Right to prompt determination of probable cause
Police must have probable cause to make a legal arrest. Probable cause means the police have a reasonable belief that the person they are arresting has committed a crime. An arrestee has a right to a court determination of whether or not there is probable cause. Unless the prosecution establishes a bona fide emergency or other extraordinary circumstance, the arrested person must receive the probable cause determination promptly, usually within 24 to 48 hours. However, if the arrest was pursuant to a warrant, then a magistrate already made the probable cause determination upon issuing the warrant, so no further determination is required.

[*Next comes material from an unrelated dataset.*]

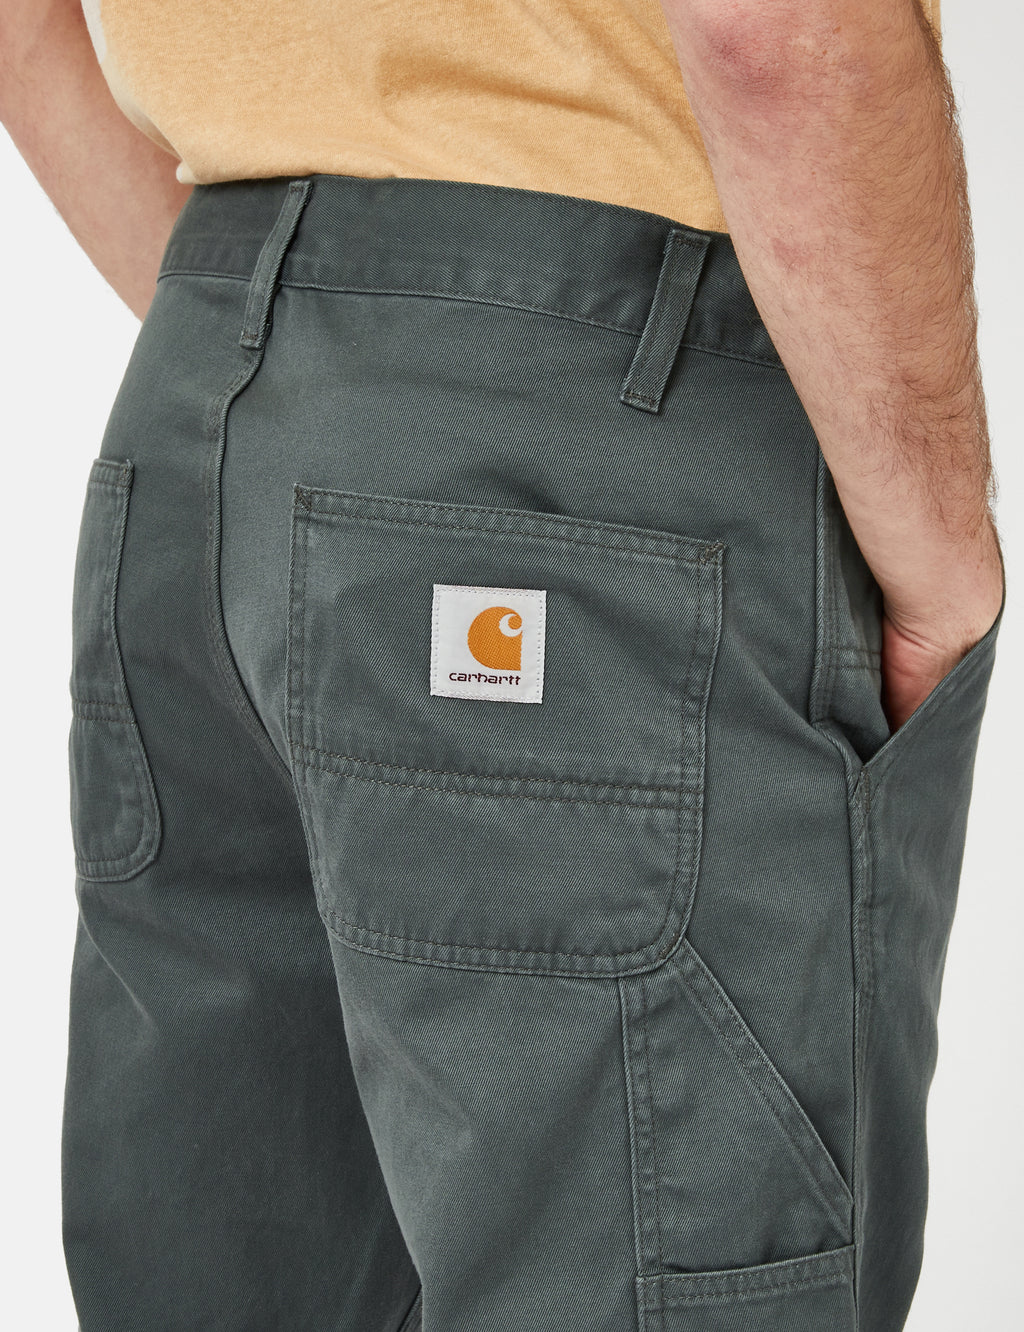 Carhartt-WIP Ruck Single Knee Pant (Regular) - Jura Green Stone Washed

How a criminal defense attorney might deal with excessive delay
If you have been arrested but have not had a probable cause review within the prescribed time, there are various steps your criminal defense attorney might take on your behalf.
Writ of habeas corpus
Your attorney may seek your release by filing what is called a “writ of habeas corpus” with the court. However, filing a writ takes time for the attorney to prepare the papers and time to schedule the hearing, and by the end of that time you might have been arraigned. Therefore, an effective criminal defense attorney might choose to start with telephone calls, going up the chain of command: to the arresting officer or the officer’s commander, to a responsible assistant district attorney, to the supervising prosecutor in charge of preliminary proceedings, and then to the judge or court clerk. The last call if necessary is for the purpose of scheduling the presentation of the habeas corpus petition. During that call, your attorney should try to explain the situation to the judge or clerk. The judge’s desire to avoid unnecessary litigation may prompt the judge to make a call to get you arraigned sooner and at less expense to the court than later.
Federal civil rights action
Your attorney might also consider threatening a federal civil rights action against the officers, sheriff and prosecuting office. The threat of such an action should bring immediate relief, because if you bring such an action and prevail, the defendants must pay your attorney’s fees.
Suppression of evidence of confessions and other statements
Perhaps you are not able to retain a defense lawyer in time to file a habeas corpus writ or bring a civil rights action. Even so, the undue delay in bringing you before a magistrate for your initial appearance and probable cause determination can still have consequences for the prosecution. The delay may be because the police are trying to extract a confession from you. In many jurisdictions, confessions and other statements elicited from you during the delay will be suppressed. That means that the statements cannot be used as evidence against you.
Support for your release on bail
Your criminal defense attorney can reference the delay during the argument for bail. Judges sometimes will consider the state’s abusive conduct when deciding whether or not to release the defendant.